Бегом, напростец, то есть прямиком – по стерне, потом по пахоте бегу в село. Вот уже дорога между хлебами – золотисто-голубая пшеница тучная, колос налитой, тяжело виснет долу. Где-то в хрестоматии, помнится, красиво сказано – про лебединую шею колоса. Поле – огромное, до горизонта. Пить-полоть! Пить-полоть! – кричит где-то совсем рядом перепелка. На задние лапки, обняв передними, как ручками, мордочку, привстал суслик. Тоже в бурых и золотистых крапинках – как та же перепелка. Уцелел, значит, от весны!.. Мы тогда ходили по полям, где только прямая норка в земле, втыкали камышинку, обмотанную паклей, которую перед этим окунали в канистру с какой-то вонной жидкостью. Даже глаза слезились и болели от этой жидкости. Так мы боролись с сусликами, главным вредителем урожая. А этот уцелел! У края дороги – пшеница кое-где полегла от ветра и дождя. Я срываю несколько колосков, тщательно растираю их между ладонями, сдуваю остюг. Пшеничный остюг страшен, когда попадает в рот! Ты его пальцами пытаешься достать, задыхаешься, спазмами изведешься, а он, гад, глубже лезет – в горло!.. Слезы на глаза накатываются от глубоко просовываемых в горло пальцев! Вот-вот стошнит – а попробуй его, проклятого, ухватить… Му́ка сущая от одного остюга! И то сказать, – пшеничный еще все же не так коварен, как ячменный… Не перестаю удивляться, что ничего подобного не происходит ни с коровой, ни с лошадью. Дай им только побольше колосков!
Я шлепком отправляю в рот горсть молочных, растомленных солнцем зеленых зерен. Сытный вкус недопеченного хлеба, свежей зелени и еще чего-то родного, минувшего, но незабытого, живущего в памяти самой души, наполняет сердце необъяснимой радостью… Но надо спешить. Хорошо бы угодить в школу после занятий, чтоб не встретить Марчука. Он там занимается с теми, у кого передержки… Зинаида Пахомовна смеется над ним: «Нечего тянуть за уши тупиц! Неспособны к ученью, будут работать. Не всем же быть учеными!» Марчук хмурится. «А может, не они тупицы, а мы, учителя. Не все отличники потом открывали порох… Многие выдающиеся люди были безнадежными в школе». «Вот, вот! – ликует Пахомовна. – Значит, все предопределено. И нечего надрываться». «Нет, задача учителя помочь ученику поверить в себя, открыть в нем человека, облегчить ему дорогу поисков»… Очень трудно Марчуку с женой своей! Она вообще – спорщица. А Марчуку она во всем, во всем перечит… Причем как-то мстительно, безжалостно… Мне кажется, потому, что Марчук терпелив и все сносит…

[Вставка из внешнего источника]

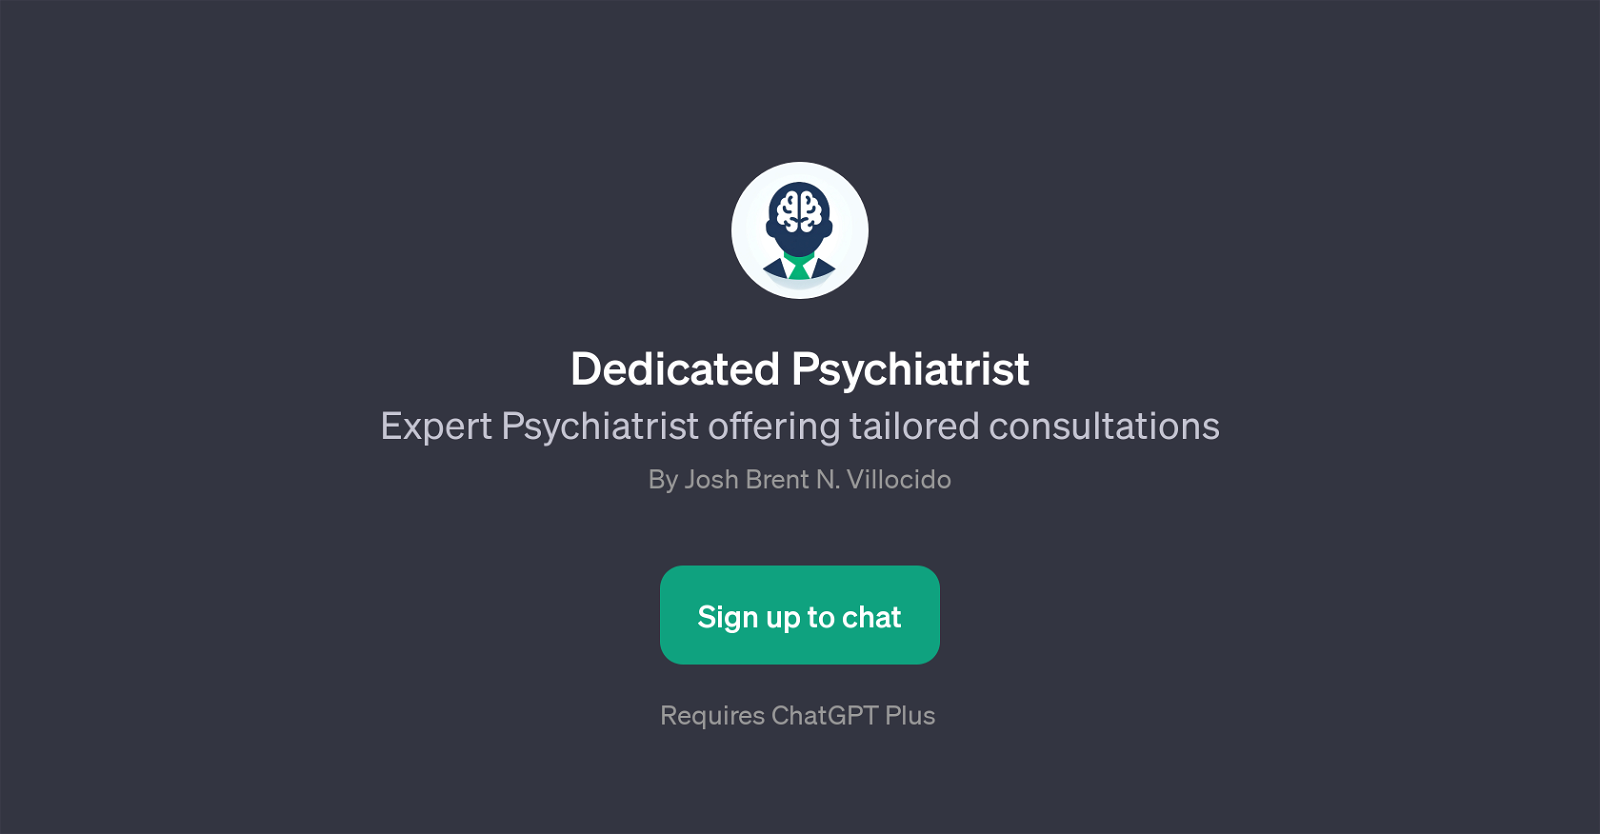 Dedicated Psychiatrist website

А вот уже и колодец. Это необычный – степной – колодец. «Двести шагов глубины», – говорят мужики, а я каждый раз думаю, как это ухитрились мерить шагами глубину? Воду из колодца поднимают лошадью. Она запряжена в большой, с дом высотой, барабан. Лошадь идет себе по вытоптанному кругу, с барабана трос свивается с одной стороны, навивается с другой. К концам привязаны бадьи. Это десятиведерные бочки! Когда пустая погружается в темную глубь, полная поднимается. Бадья подрагивает, вода плещется через край, горстями серебряных монет летит обратно в сужающийся ствол колодца – звук, долетающий оттуда, напоминает шорох высокой степной травы…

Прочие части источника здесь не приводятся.